- This memorandum is a non-confidential summary of a confidential memorandum prepared for a Beneficiary in the International Trade and Investment Law Practicum course taught by Professor Debra P. Steger in the Fall 2016 semester at University of Ottawa, Faculty of Law. Ana Poienaru, Stefanija Savic, and Morgan McCabe were the student team who researched and prepared the original memorandum for the Beneficiary in the course. Ana Poienaru and Stefanija Savic prepared this summary.
- This memorandum has been prepared in the context of the United Kingdom (UK) providing notice to withdraw from the European Union (EU), known as Brexit, and the implications of this on the provisional application of the EU – Canada Comprehensive Economic and Trade Agreement (CETA), and on the United Kingdom (UK) negotiating and concluding new Free Trade Agreements (FTAs). Most recently, the EU and Canada have signed the CETA and the Parties to the CETA have agreed to provisionally apply parts of the Agreement in the future.
- This memorandum therefore examines whether the provisional application of the CETA will continue to apply to the UK after it withdraws from the EU. This memorandum also identifies the constraints on the UK in negotiating and concluding future FTAs with third countries from an European Union law and Word Trade Organization (WTO) law perspective. We define third country as a country other than an EU Member State.
- In the first section of the memorandum, we examine whether the provisional application of the CETA will continue to apply to the UK after it withdraws from the EU. To make this determination, we examine the scope of the provisional application of the CETA in relation to the UK. This means that the term “Parties” in the CETA has to be interpreted in light of the provisional application set out in the CETA. Based on this, we conclude that “Parties” in the context of the provisional application are the EU and Canada, because only matters falling under the EU’s exclusive competence are provisionally applied. This means that the provisional application of the CETA will apply to the UK until it withdraws from the EU, for matters falling under EU exclusive competence.
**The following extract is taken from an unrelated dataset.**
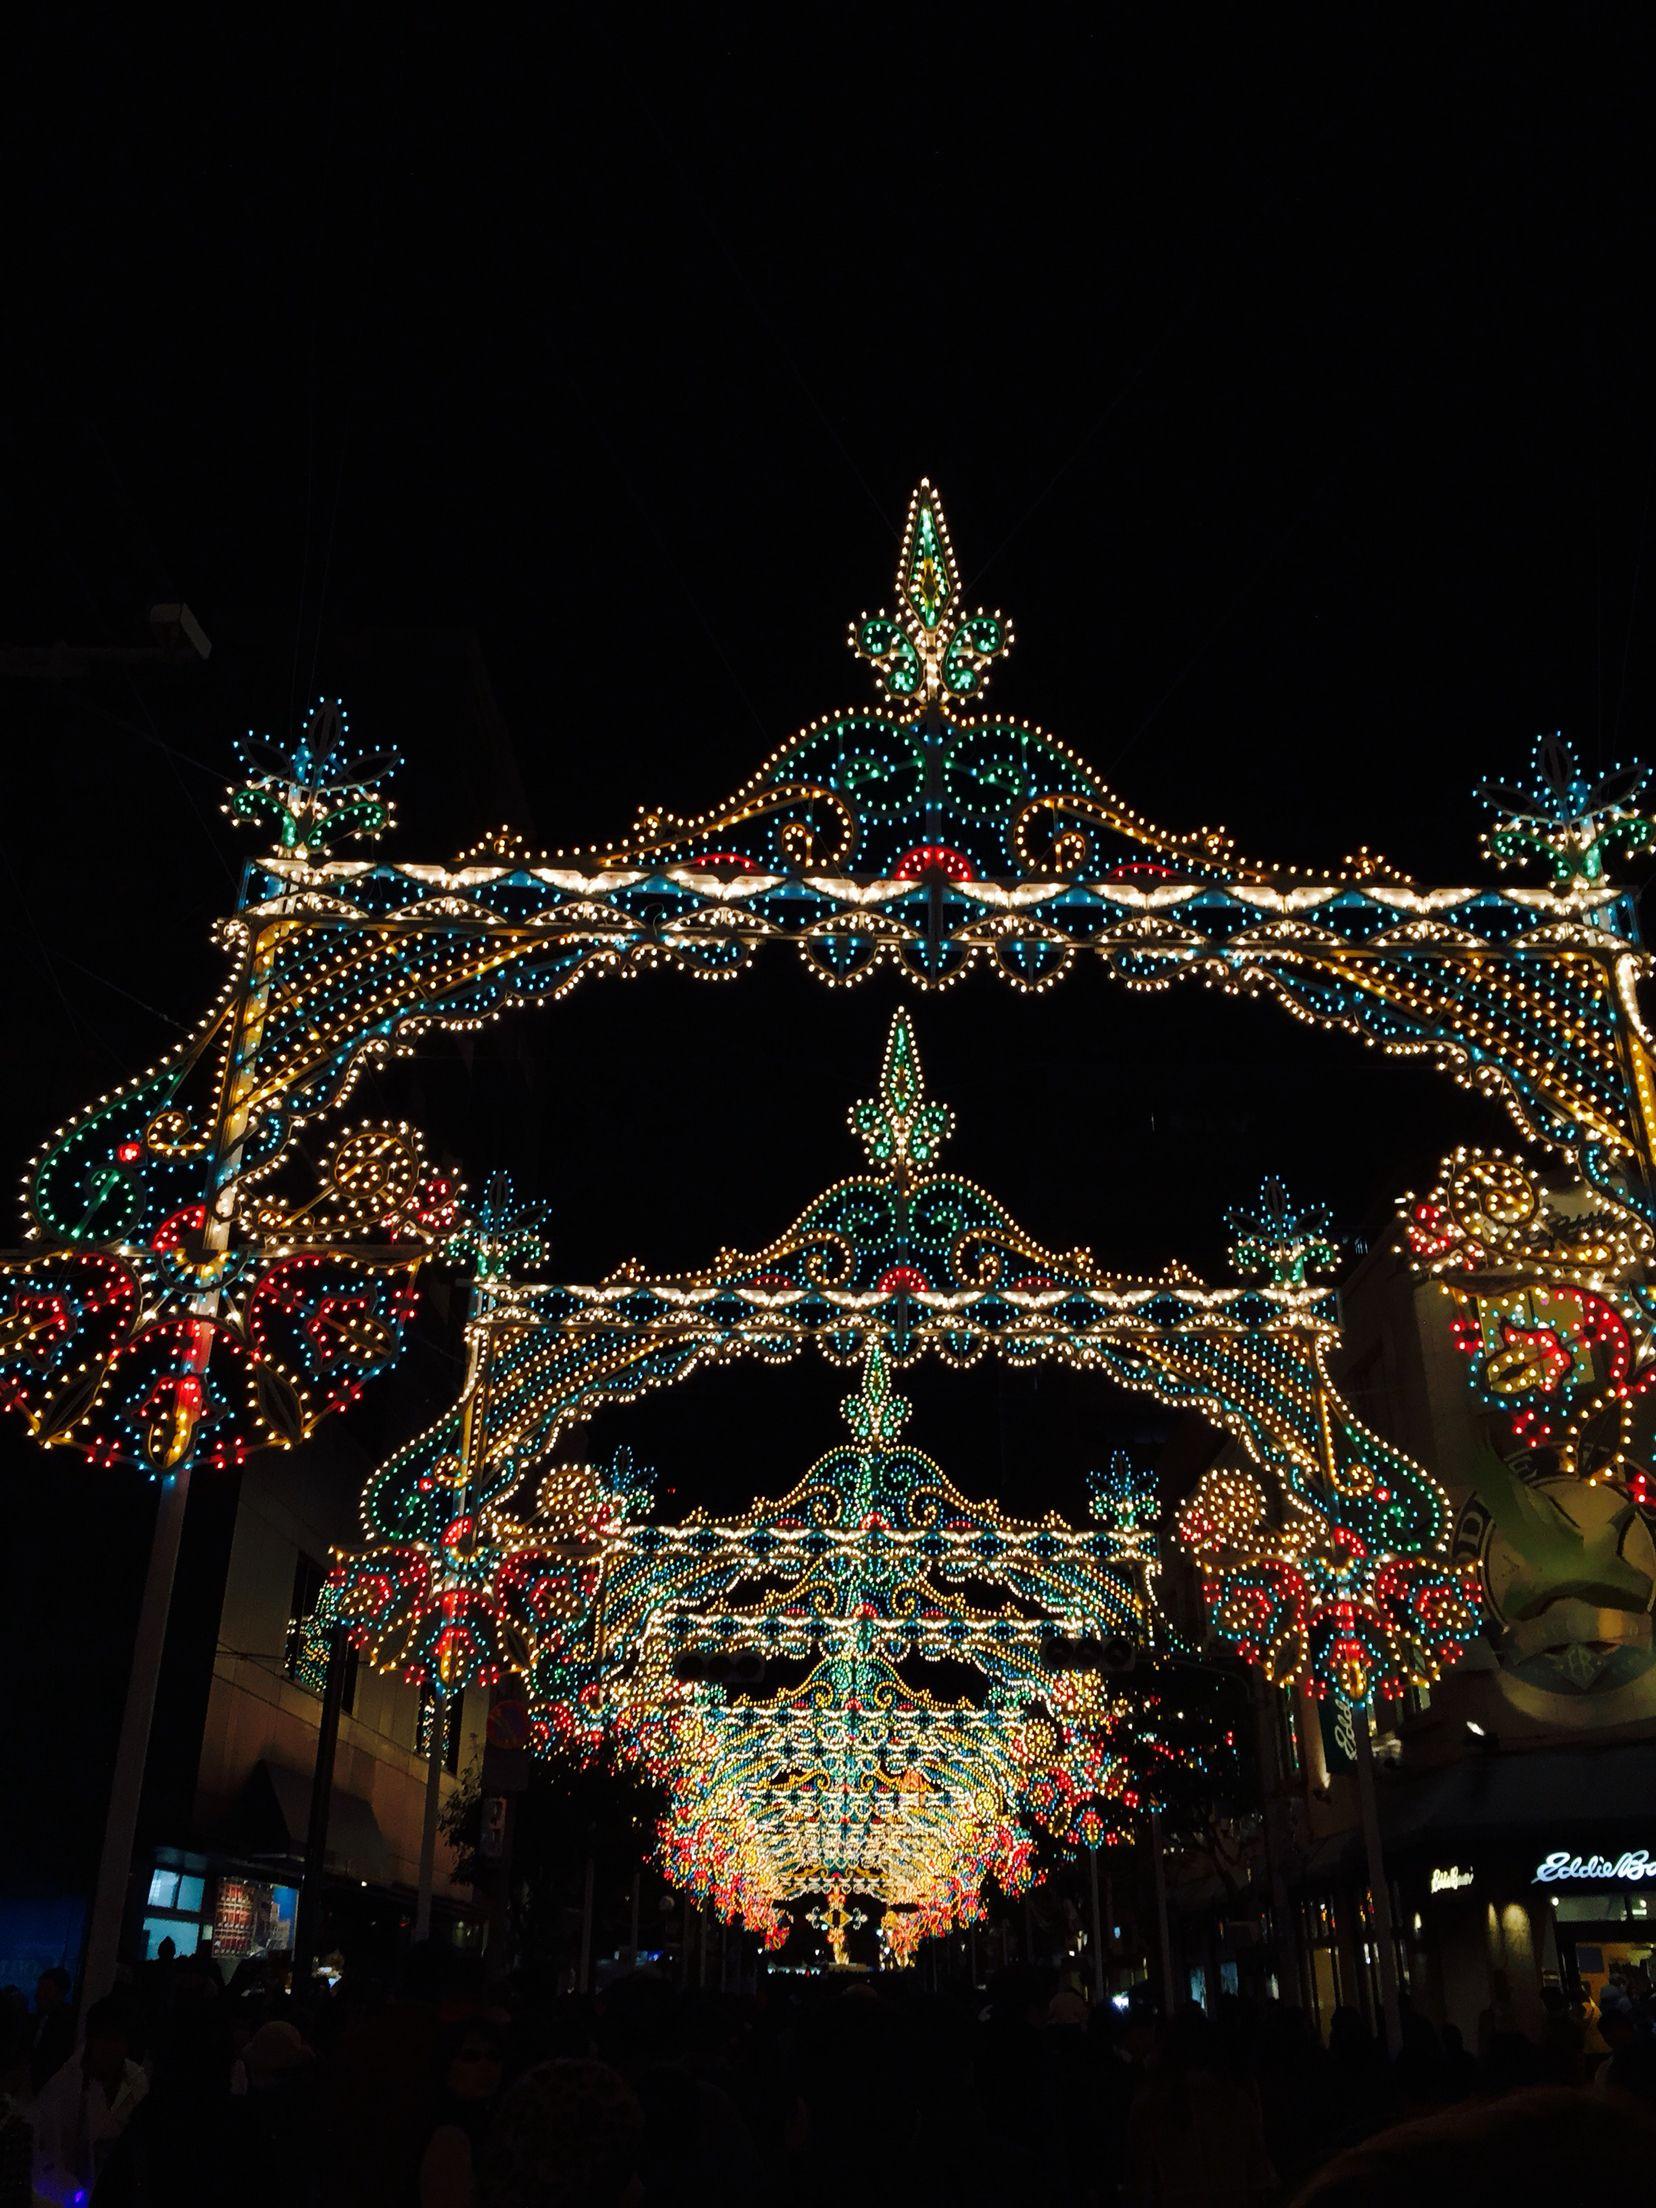 Luminarie Dec 2014, Kobe, Hyogo Prefecture, Japan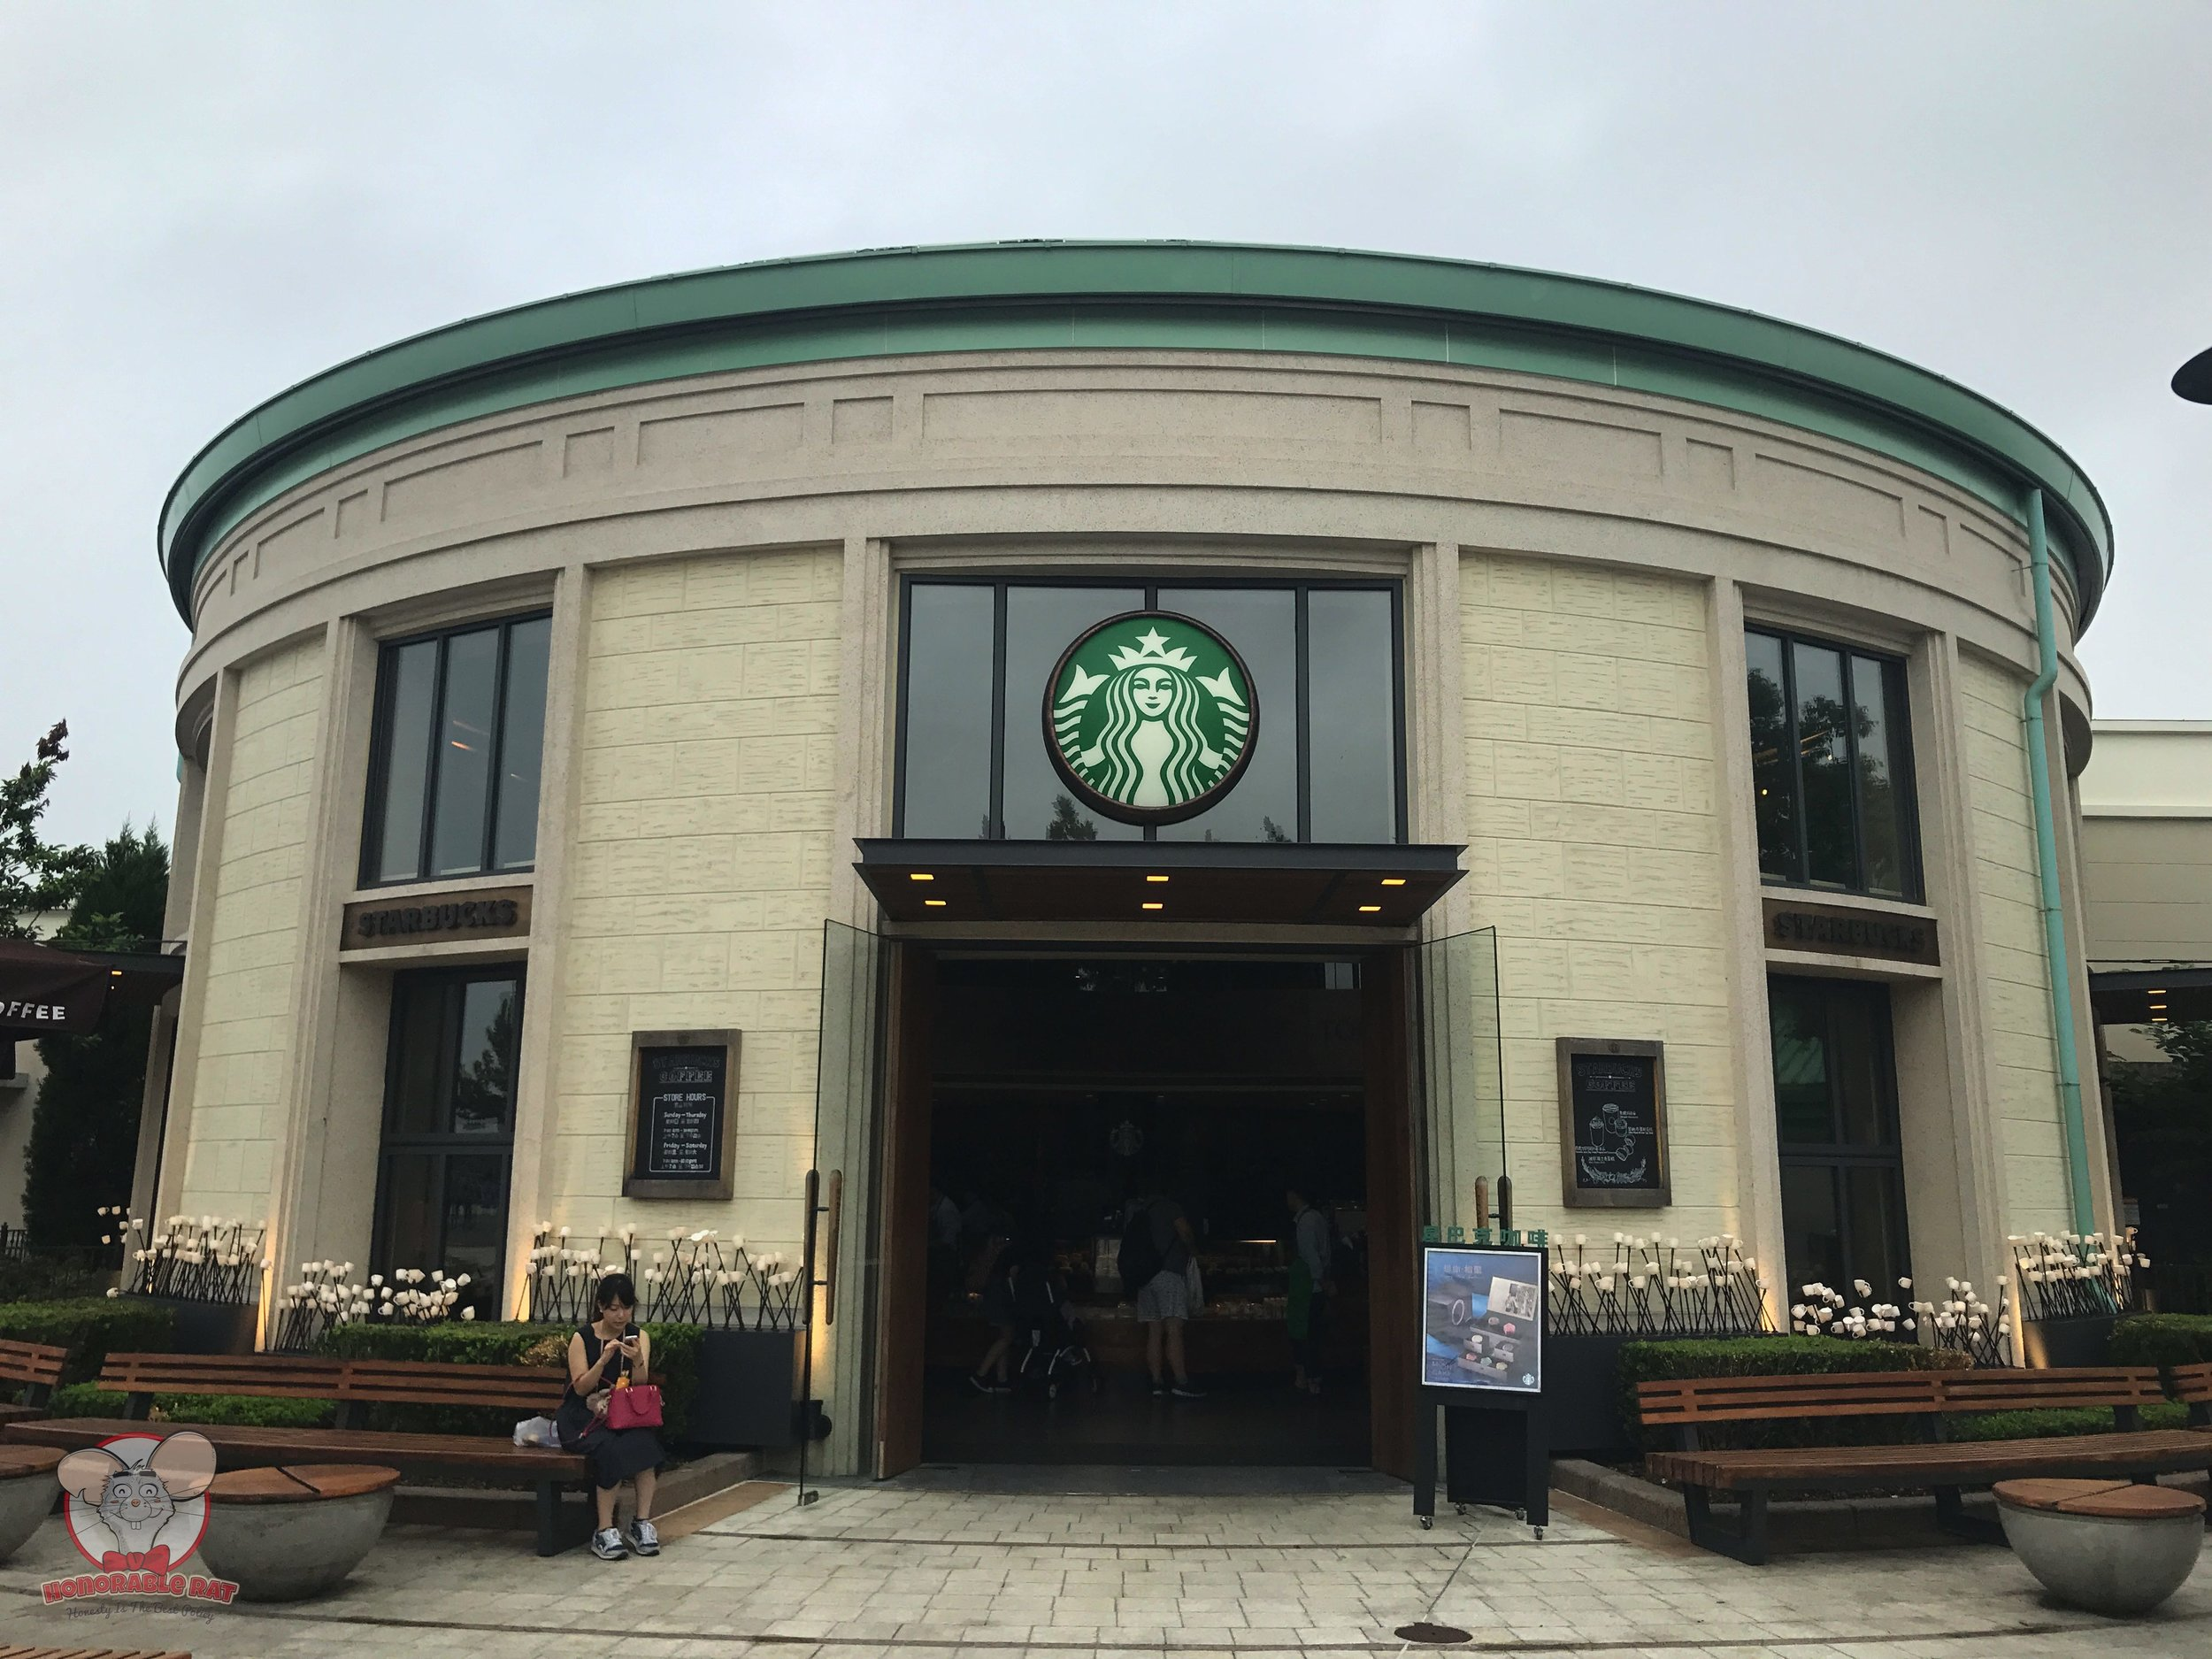 Starbucks in Shanghai Disneytown

The provisional application will, however, not extend to the UK after it withdraws from the EU, because EU law will no longer apply to the UK.
- In the second and third sections of this memorandum, we look at the constraints on the UK in negotiating FTAs. In making our analysis, we address the key issues in relation to negotiating and concluding FTAs between the UK and third countries under EU law and WTO law.
- Under EU law, the UK must withdraw from the EU before it can negotiate and conclude FTAs with third countries. This is because as a Member of the EU, the UK lacks the competence to negotiate FTAs. Under EU law, the negotiation of FTAs is part of the EU exclusive competence under the common commercial policy (CCP). An examination of Article 50 of the Treaty of the European Union (TEU) leads to the conclusion that the UK will cease to be a Member of the EU on one of the following three dates: (1) on the date of entry into force of the withdrawal agreement, (2) falling that, two years after the notification to withdraw, or (3) at a later date than (2) if the European Council and the UK both agree to extend the period of negotiation. Based on this analysis, we determine that once the UK withdraws from the EU, it will again have the competence to negotiate and conclude FTAs with third countries, because the EU’s exclusive competence in the area of CCP will cease to apply to the UK.
- Under WTO law, the UK must be a customs territory in order to conclude FTAs. Though Article I of the General Agreement on Tariffs and Trade 1994 (GATT 1994) prohibits WTO Members from contravening the Most Favoured Nation (MFN) obligation, Article XXIV of the GATT 1994 provides a justification for Members that would contravene the MFN obligation by concluding a FTA or forming a customs union (CU). However, Article XXIV also sets out that only customs territories are able to conclude FTAs or form CUs under WTO law. Since we determine that the UK is not currently a customs territory, it will not be able to conclude a new FTA until it becomes one. To become a customs territory, the UK will need to submit its own draft schedules to the WTO in accordance with procedures set out in GATT 1994 and General Agreement on Trade in Services (GATS). This includes an obligation to negotiate an outcome that will be agreed to by other WTO Members by consensus. Although the length of this process is impossible to predict with certainty, we conclude that the UK will not be able to conclude FTAs with third countries until this process is complete.